_What is required_. The required output is the line with "gender neutral congratulations" plus all lines that follow it to the end of the listing below, written out exactly, with no pictures.

Supplied material section start

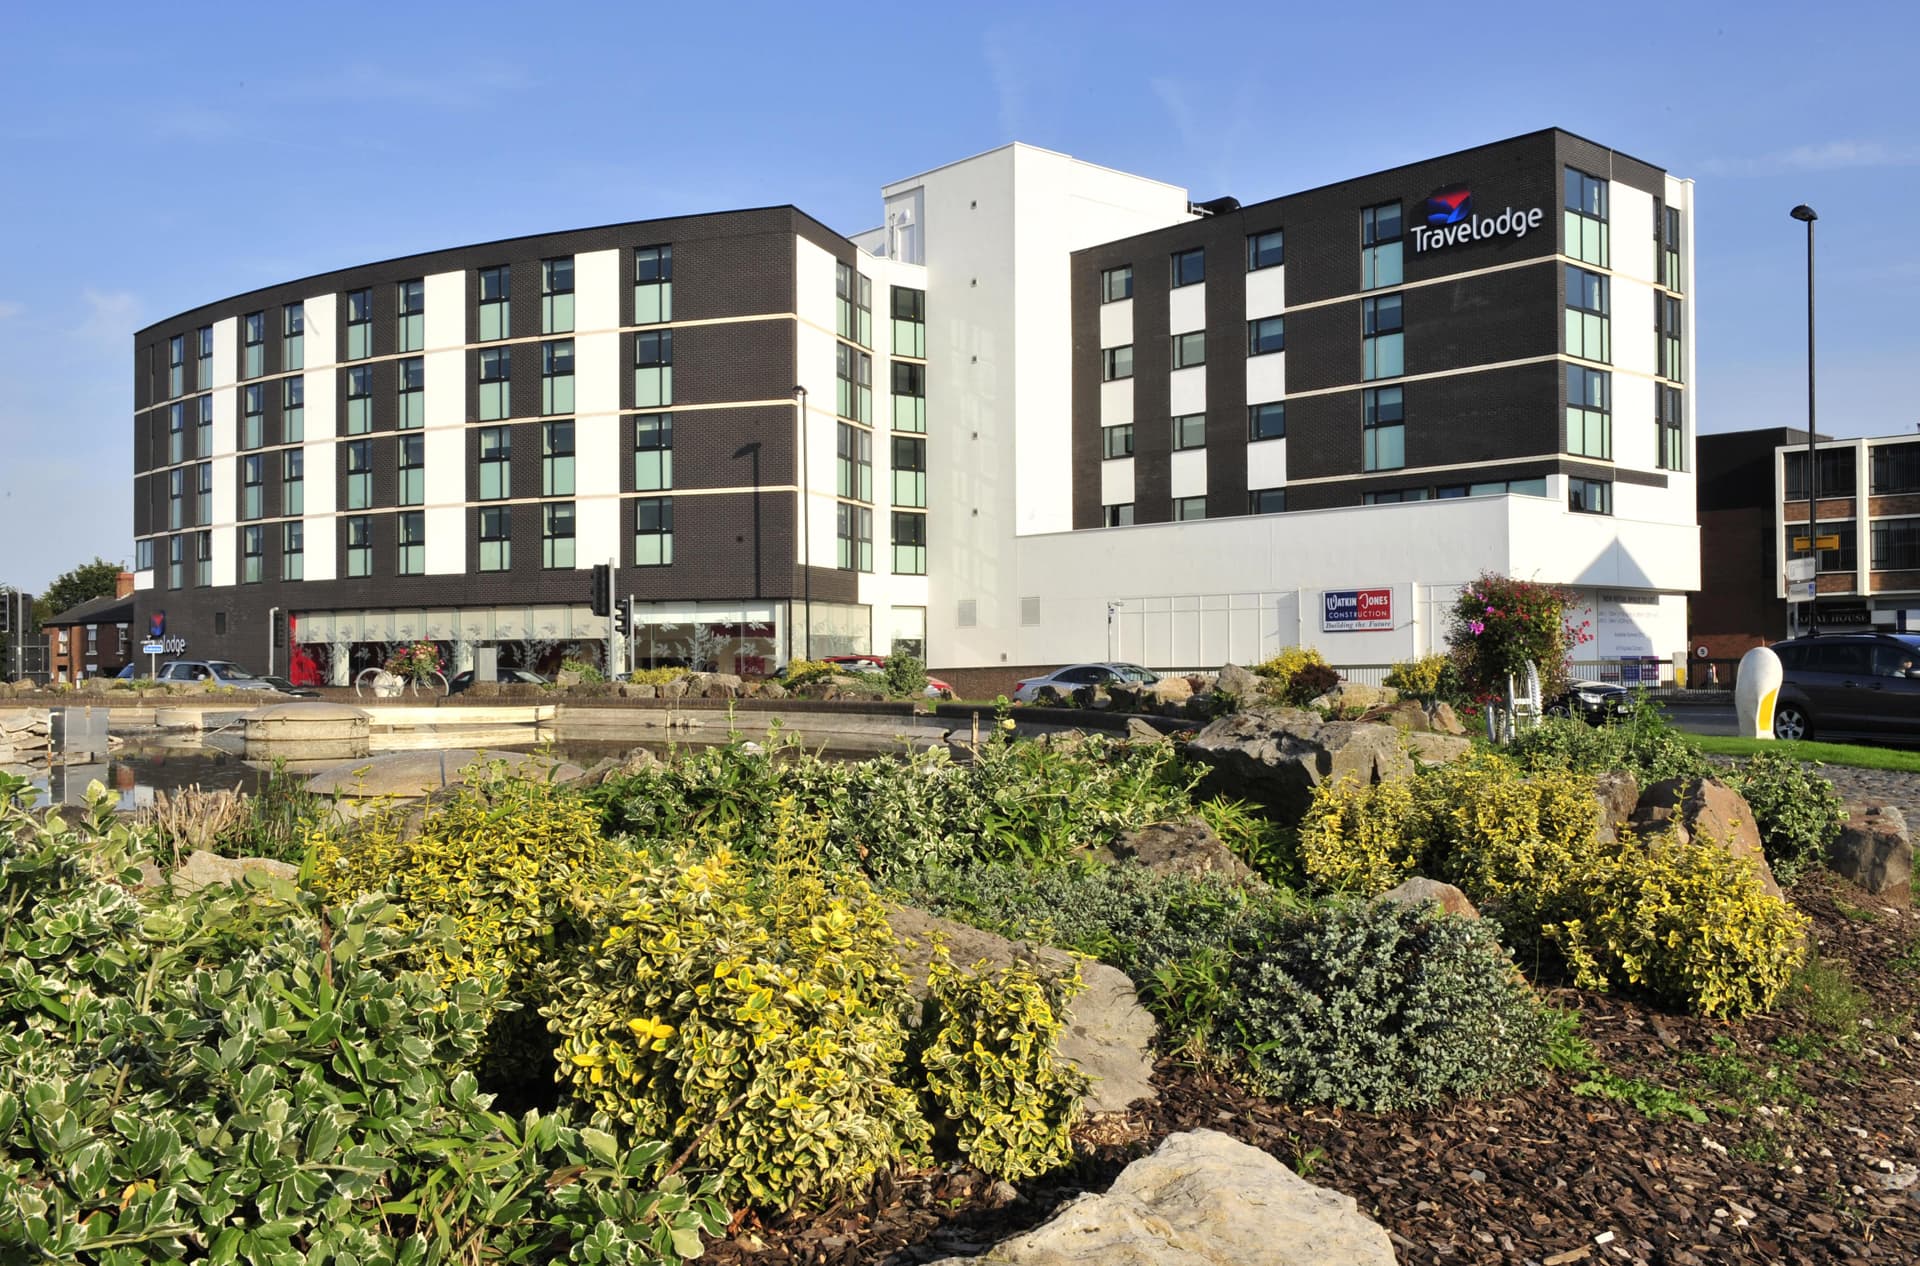 Large Travelodge hotel with rocks and green foliage in the foreground.
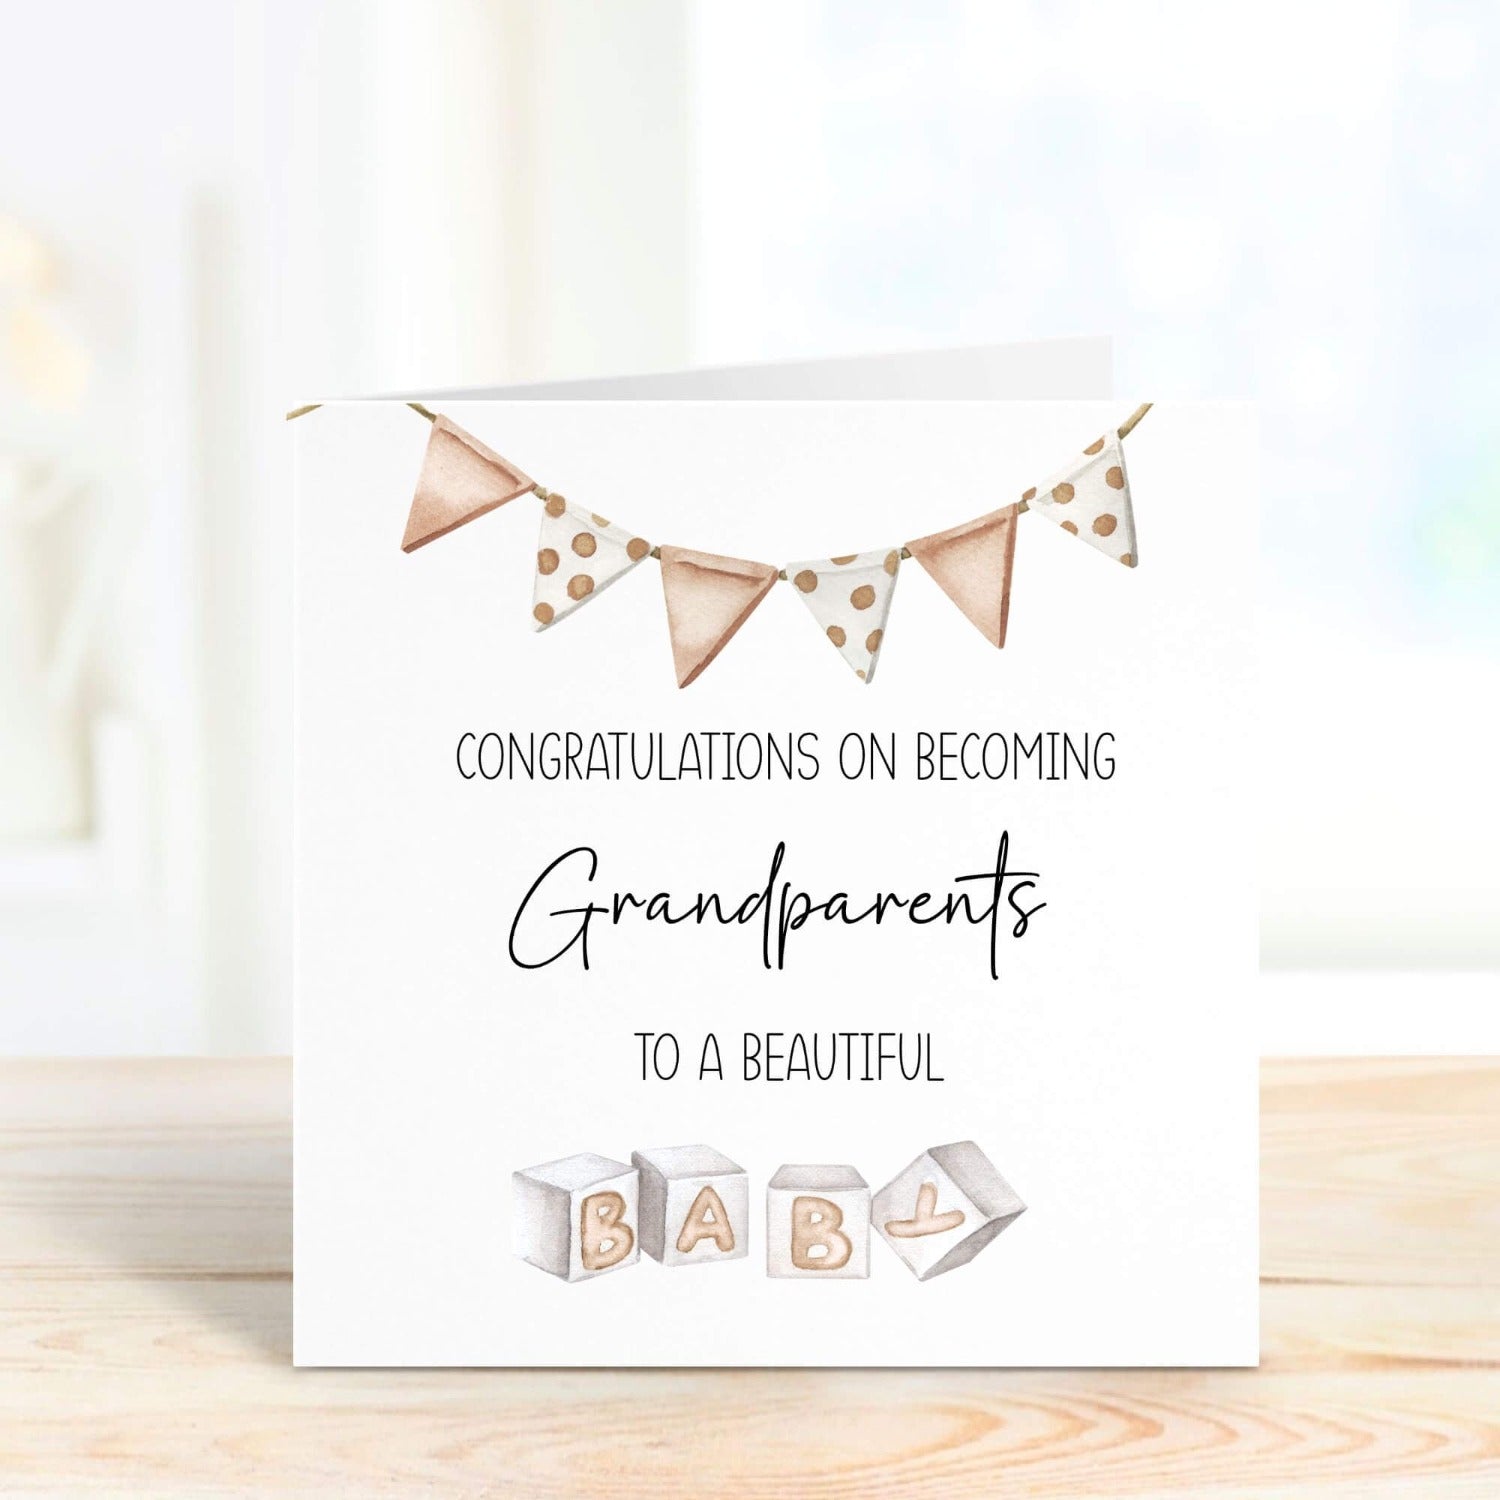 gender neutral congratulations card for grandparents on new baby arrival
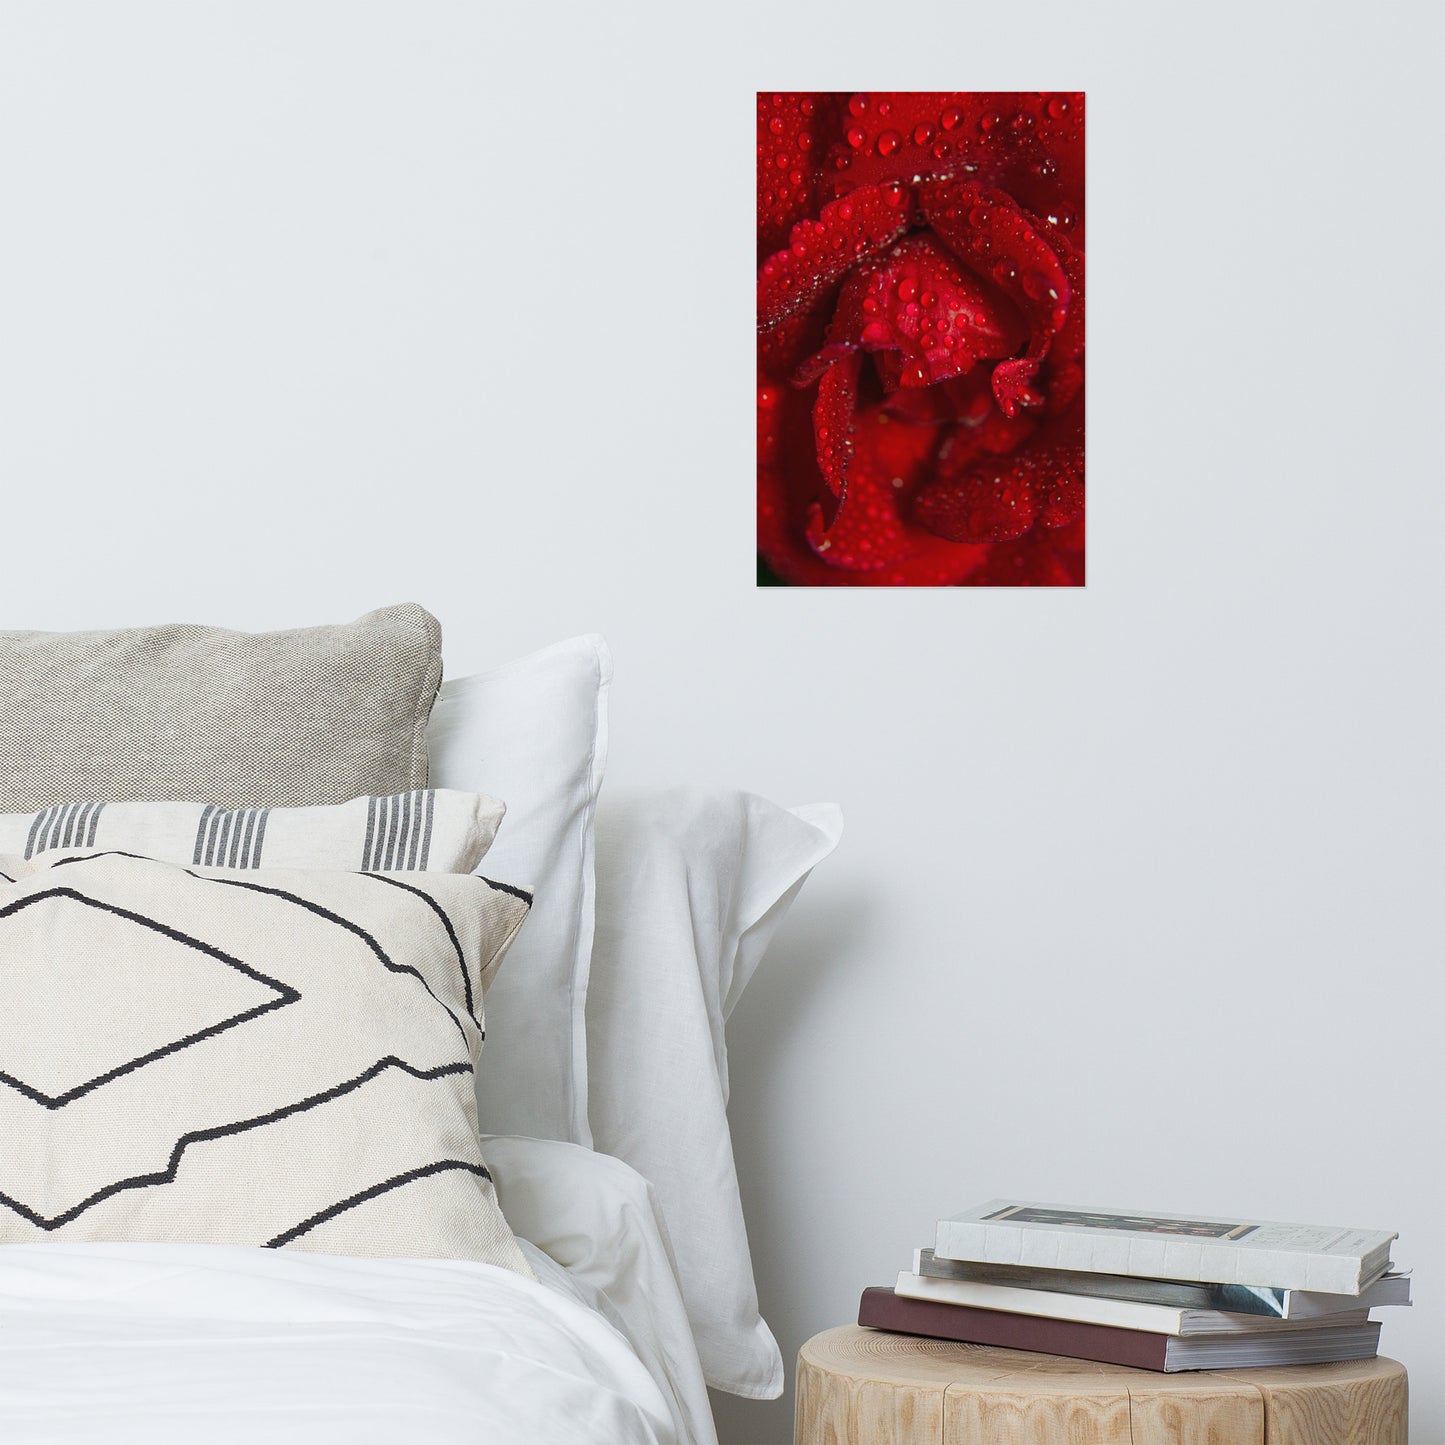 Royal Red Rose Floral Nature Photo Loose Unframed Wall Art Prints

Supplied material section end

_Reply_.
 gender neutral congratulations card for grandparents on new baby arrival
 Royal Red Rose Floral Nature Photo Loose Unframed Wall Art Prints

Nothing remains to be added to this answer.